Nether Street

My bike disappears into the dark, plummeting with the postman and the dog chasing him. There’s a black hole where the street should be. My new paper route is complicated. I let go at the right time.

Sophie’s house is opposite me. I know her from school. She drinks apple juice from decayed lava lamps.
“Mum says we need to recycle,” she told me once, her teeth tanned with sugar.
“You have it easy though, you can throw it all out of your window and it won’t be seen again.”
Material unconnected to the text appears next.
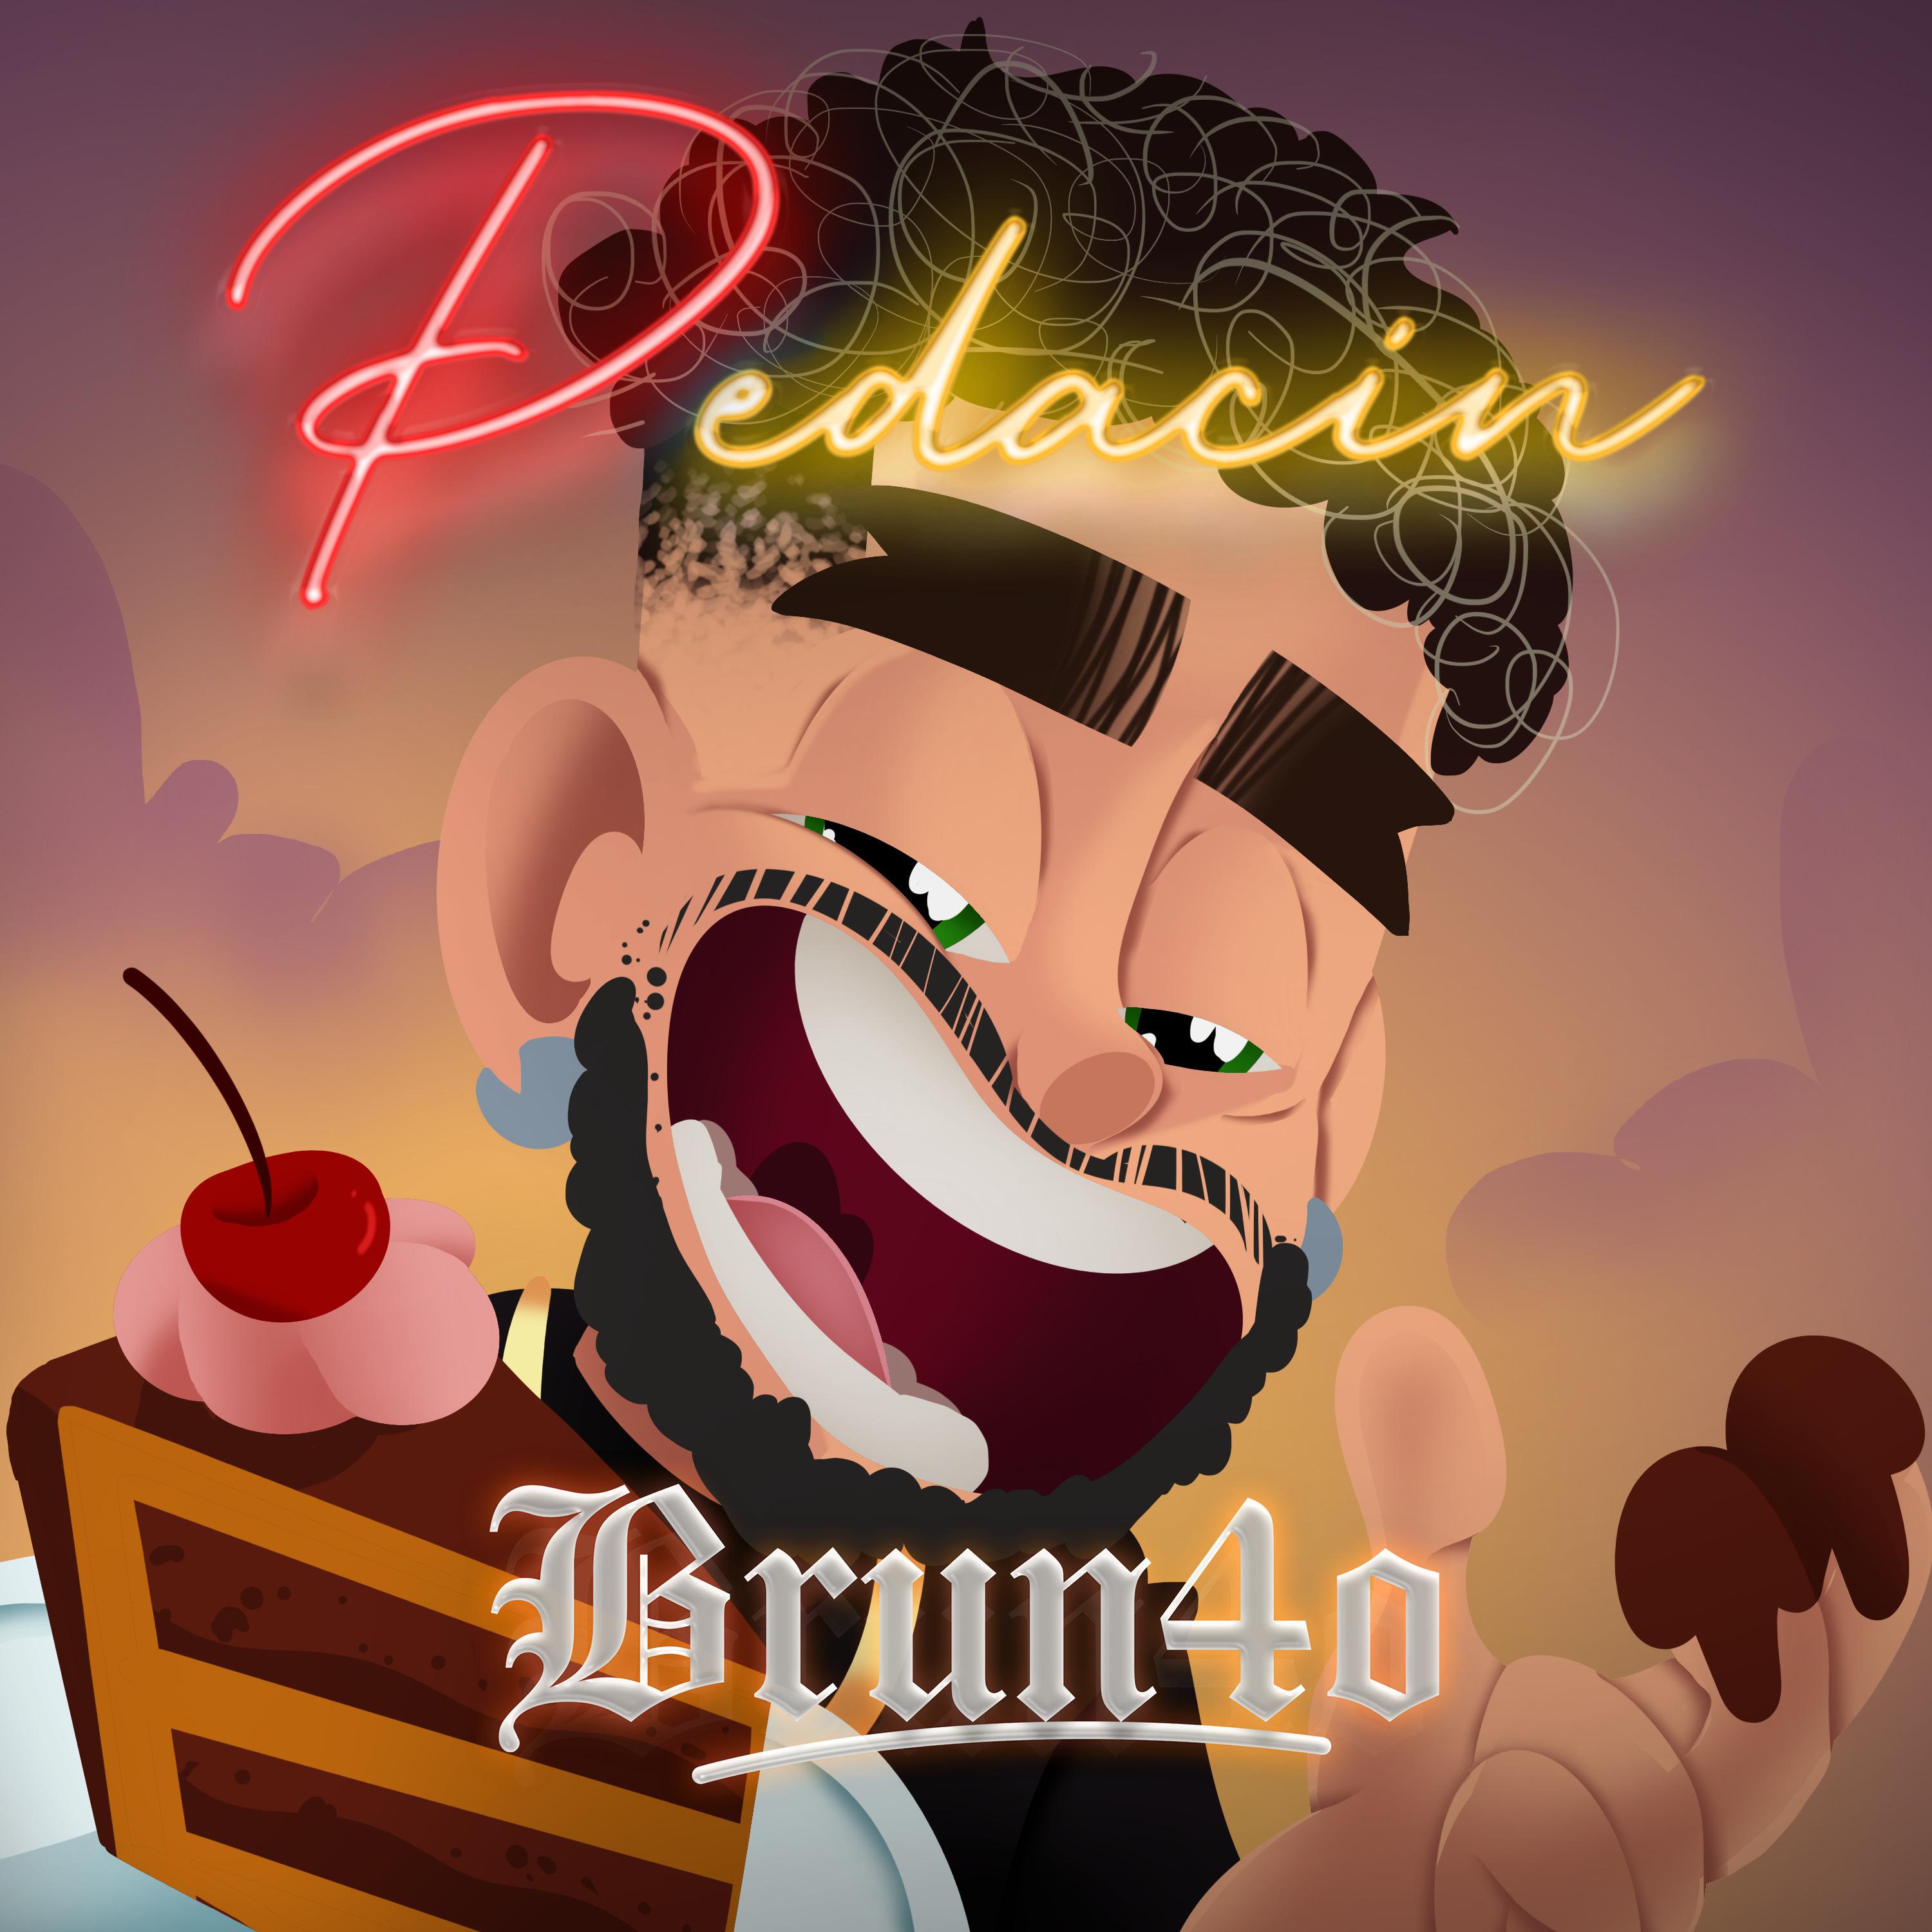 Brun4o - Pedacin

Her street owes me a new bike. She’s off-loading training bras out of her bedroom.
“OI!” I yelp.
“What?! I’m too old for them now.” She double takes. “Oh hi! How are you?”
“My bike’s gone.”
“So, today will take you a while.”
“Can I have it back?”
“Ask the government!” She slingshots a frilly, baby-blue breast nest into the void.
“But, I need it today.”
“We’ve wanted new tarmac for years… says Mum. It’s got worse.”
“How do you even get to school?”
She giggles. “I climb along all these buildings. Free running, woo! I want Mr Sanders to add it to the P.E curriculum.”
I look into the swirling street. The bras are drifting down, atoms replaced by nothing. Fibres erase to naked. The postman’s scream didn’t have a chance to materialize. My bike is vanishing with all of our shared years of BMX ramps and WD40, the scuffs and mud slides. I still have scars from the blackberry bush we head butted.
“They won’t disappear…” I mutter to myself.
“Why are you delivering on a Saturday?” Sophie’s voice leaps at me.
“I thought I’d have more time… Take the new route slower, get to know it…”
“Ah. Well, you’ll need a better plan for this street!” She laughs and disappears from the window for a moment. She then springs up and launches a rope made from her remaining training bras. The end lands by my feet at the edge of the curb, before the colour becomes a downward drain. “Do you wanna come up and hang?”
I look at my bag full of papers, at the Mayor’s stupid smiling face on the front page, all pumpkin-grin and fake tanned. I grab the bra-rope. “Why not? It’s recycling right?”
Sophie tugs on the rope and begins pulling me into her room. “I’ll teach you free running. And I bet you can’t wait to see the black hole in my room!”